Not to brag, but I think I did pretty well. It also looks like about 24% of the people who took this quiz started gaming on the Playstation 2. n00bs.

I have to say, this was a lot easier than that Nightmare of Druaga review I was actually planning on writing today.

3/19/09

The Forbidden Kingdom - Also bad, but not as bad as DB:E


In my review of DragonBall: Evolution, I commented on the film from the perspective of a genre fan who was tired of mainstream studios crafting pale imitations of the pop-art, culture, and entertainment that I enjoy. The things I expressed reminded me that I had felt the same way (although not hardly in the same abundance) almost exactly a year ago, with the release of Rob Minkoff's The Forbidden Kingdom.
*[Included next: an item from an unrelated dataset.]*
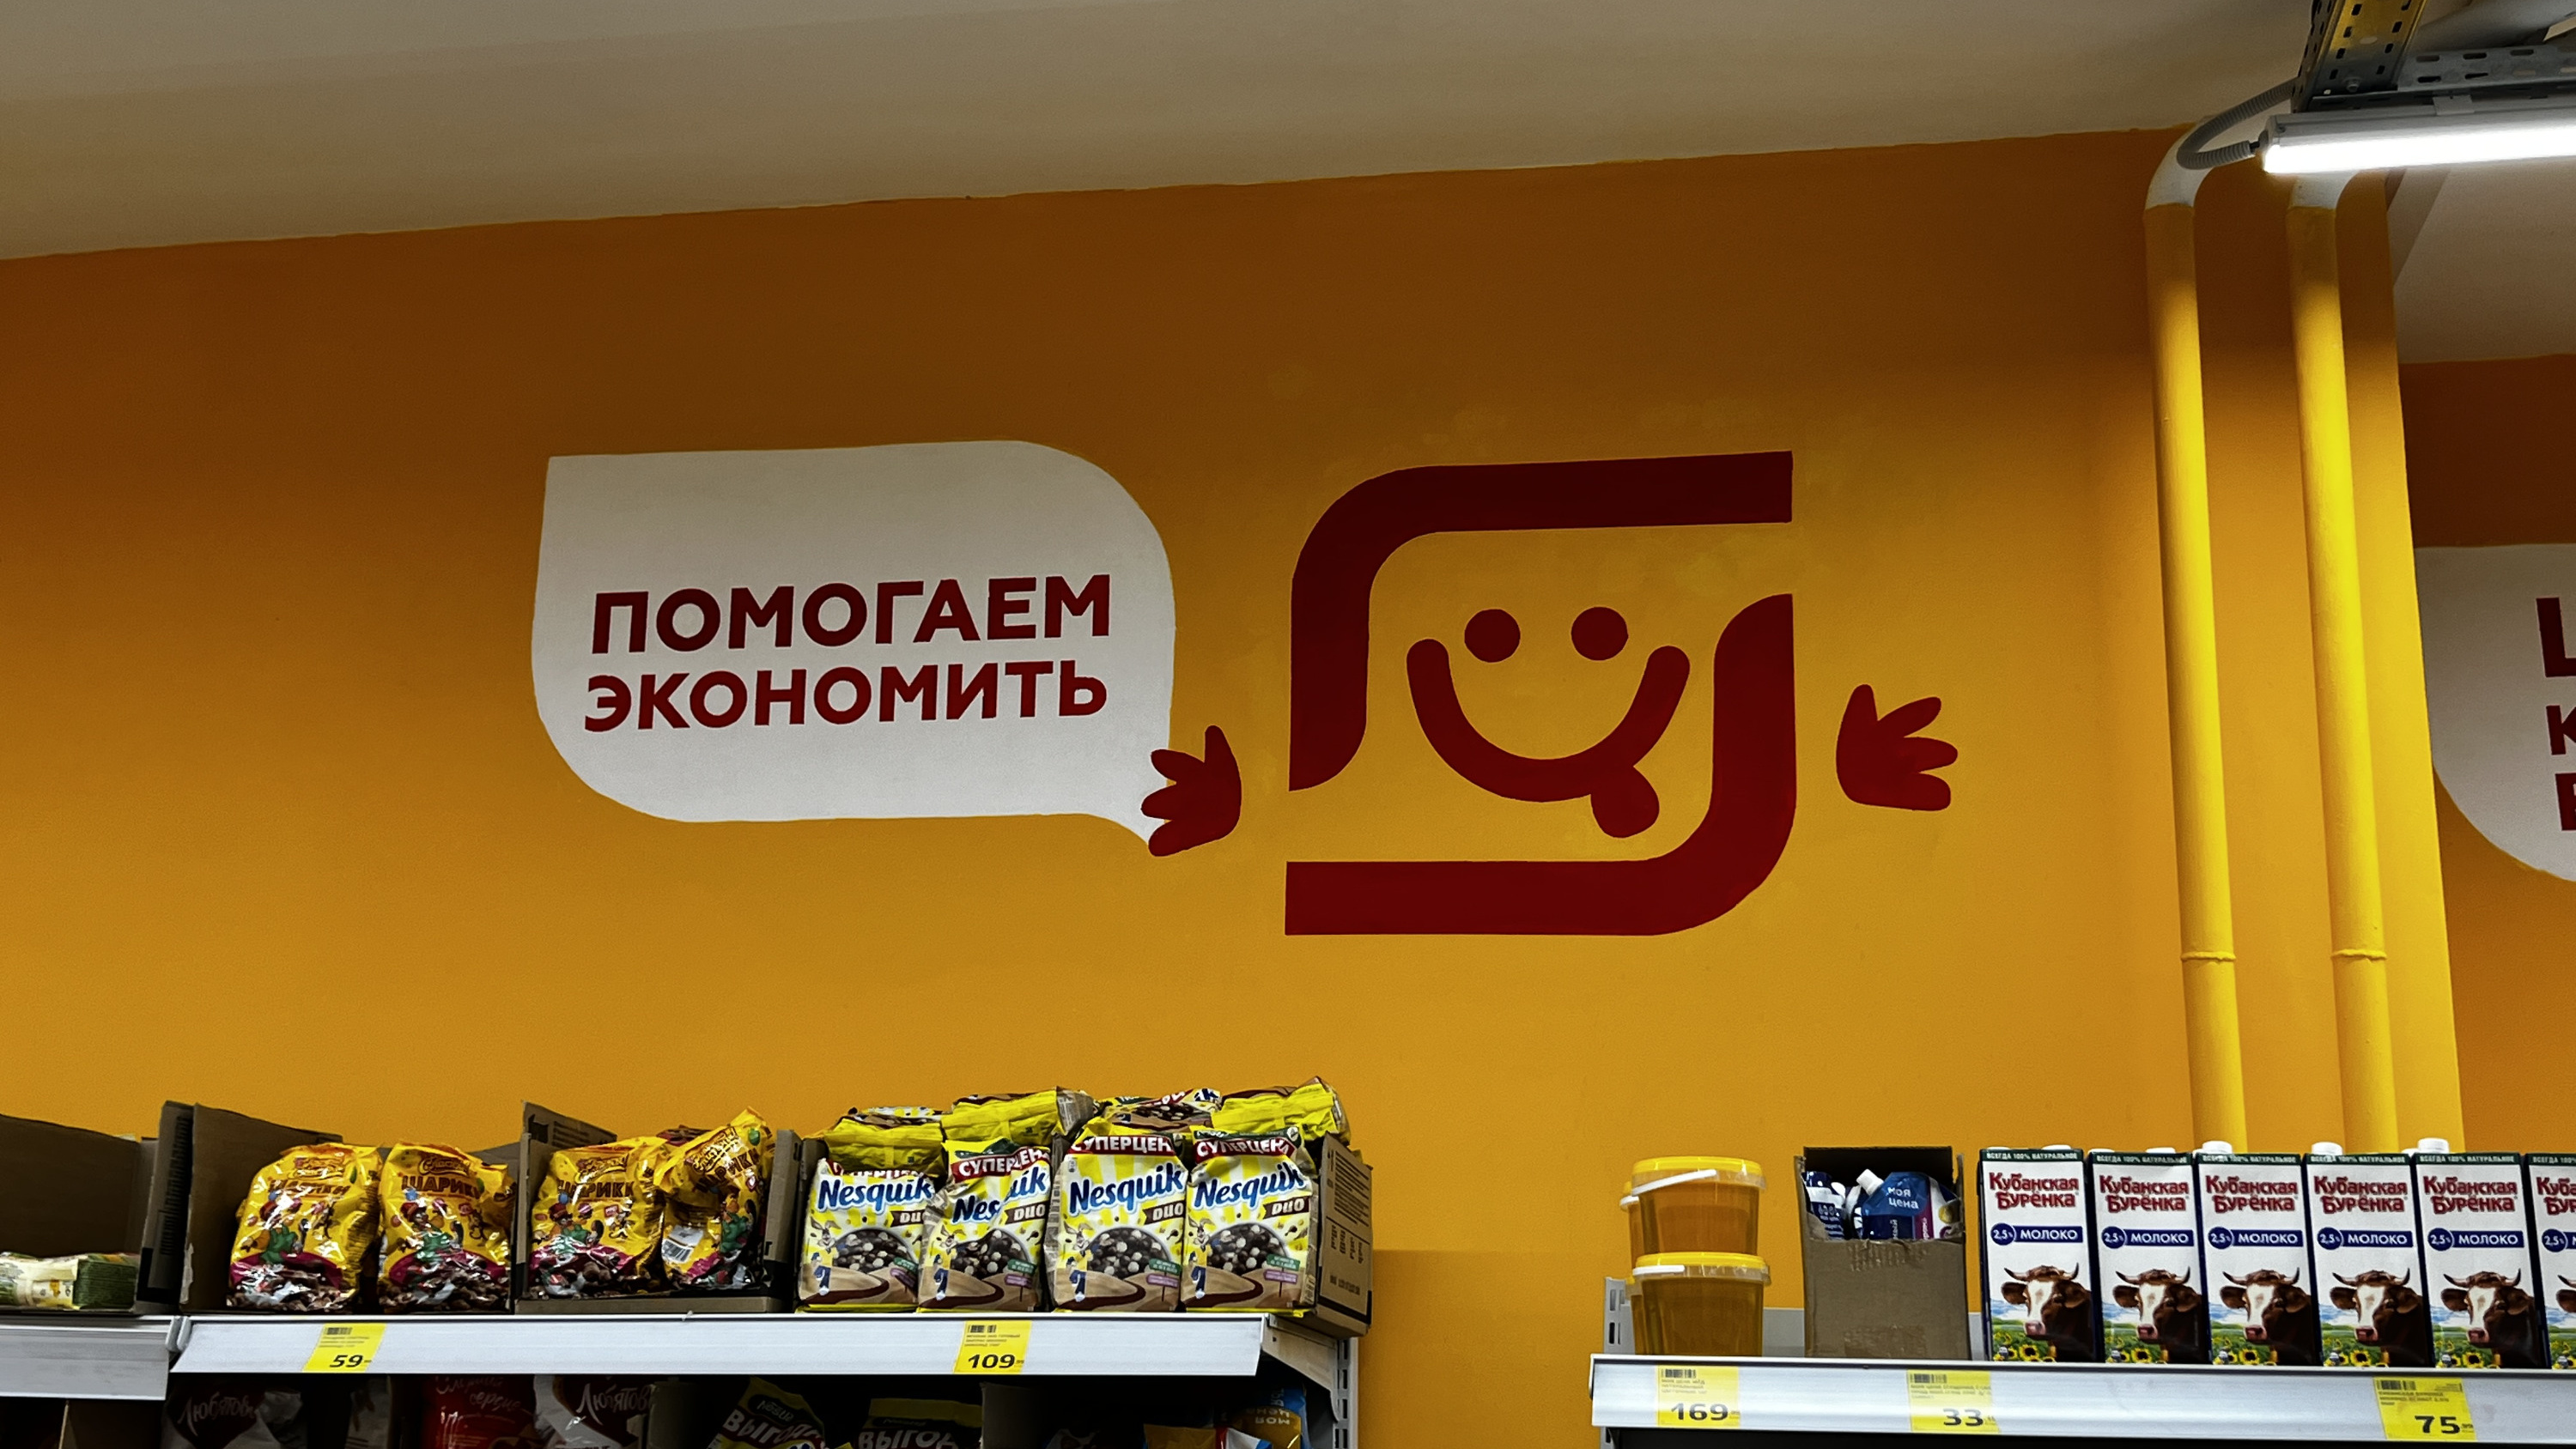 Порошок дешевле в 1,5 раза, колбаса — в 2. Репортаж из экспериментального магазина низких цен в Краснодаре

Being far more interested in Kung Fu movies, Hong Kong films and Chinese literature than anime and poorly made fighting games, it would not have been imprudent of me to think that DragonBall: Evolution would prove the less obnoxious of these two attempts by Hollywood to co-opt martial arts movie aesthetics and fantastical kung fu for their own purposes. But for all it does wrong, The Forbidden Kingdom actually manages to do some things right.

For starters, it has Jet Li and Jackie Chan in their first (pray not their last) film together. That alone engenders enough good will to make it worth a look.
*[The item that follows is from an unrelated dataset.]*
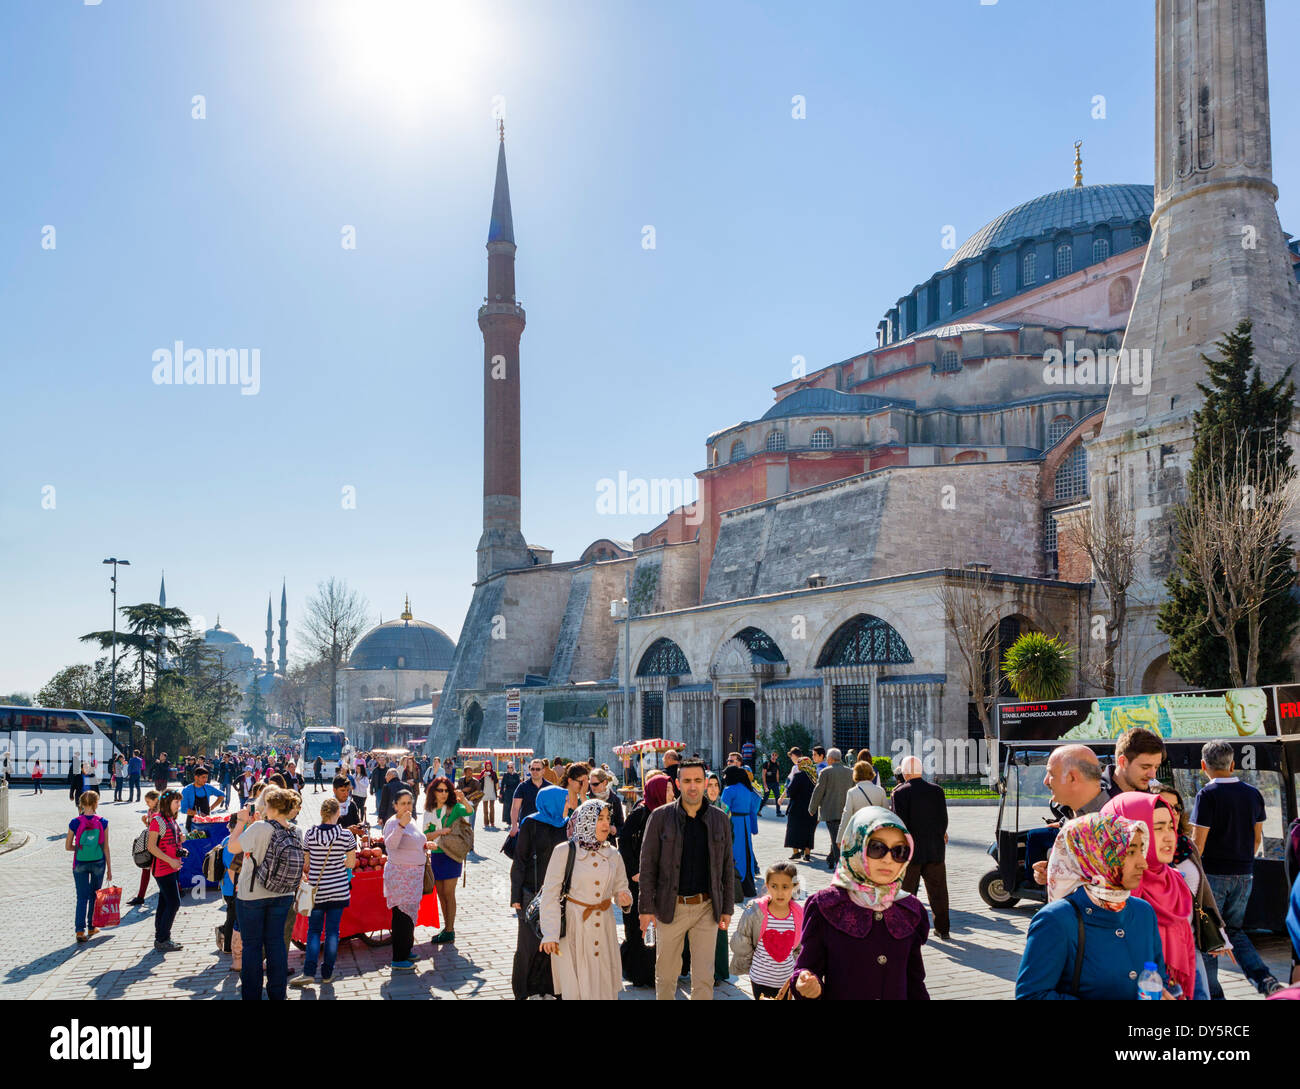 Les foules sur Kabasakal Caddesi à côté de Sainte-sophie (Aya Sofya) à la recherche vers la Mosquée Bleue (Sultanahmet Camii), Istanbul, Turquie Banque D'Images

When I saw it, I was not only a huge fan of Jet Li and Jackie Chan's films, not only of Hong Kong and Chinese cinema in general, but greatly immersed in The Journey to the West for reasons that are best left unstated for the moment. Going into the film, I knew that it was directed by Rob Minkoff, whose other films were family features like 1999's Stewart Little, and that neither Jet Li nor Jackie Chan actually played the lead roll, deferring to a young actor named Michael Angarano. The film is about Jason Tripitakas, a frequently bullied Boston teenager obsessed with old Kung Fu flicks, who gets sent back in time to a mythical China after getting knocked off the roof a local Chinatown import story during an attempted robbery. While there, he meets various fighters looking to overthrow the Jade Warlord who has imprisoned the Monkey King and is looking for his magical staff, which can set the Monkey free. So Jason goes off with Lu Yan, Golden Sparrow and the Silent Monk to put an end to the Jade Warlord's corruption.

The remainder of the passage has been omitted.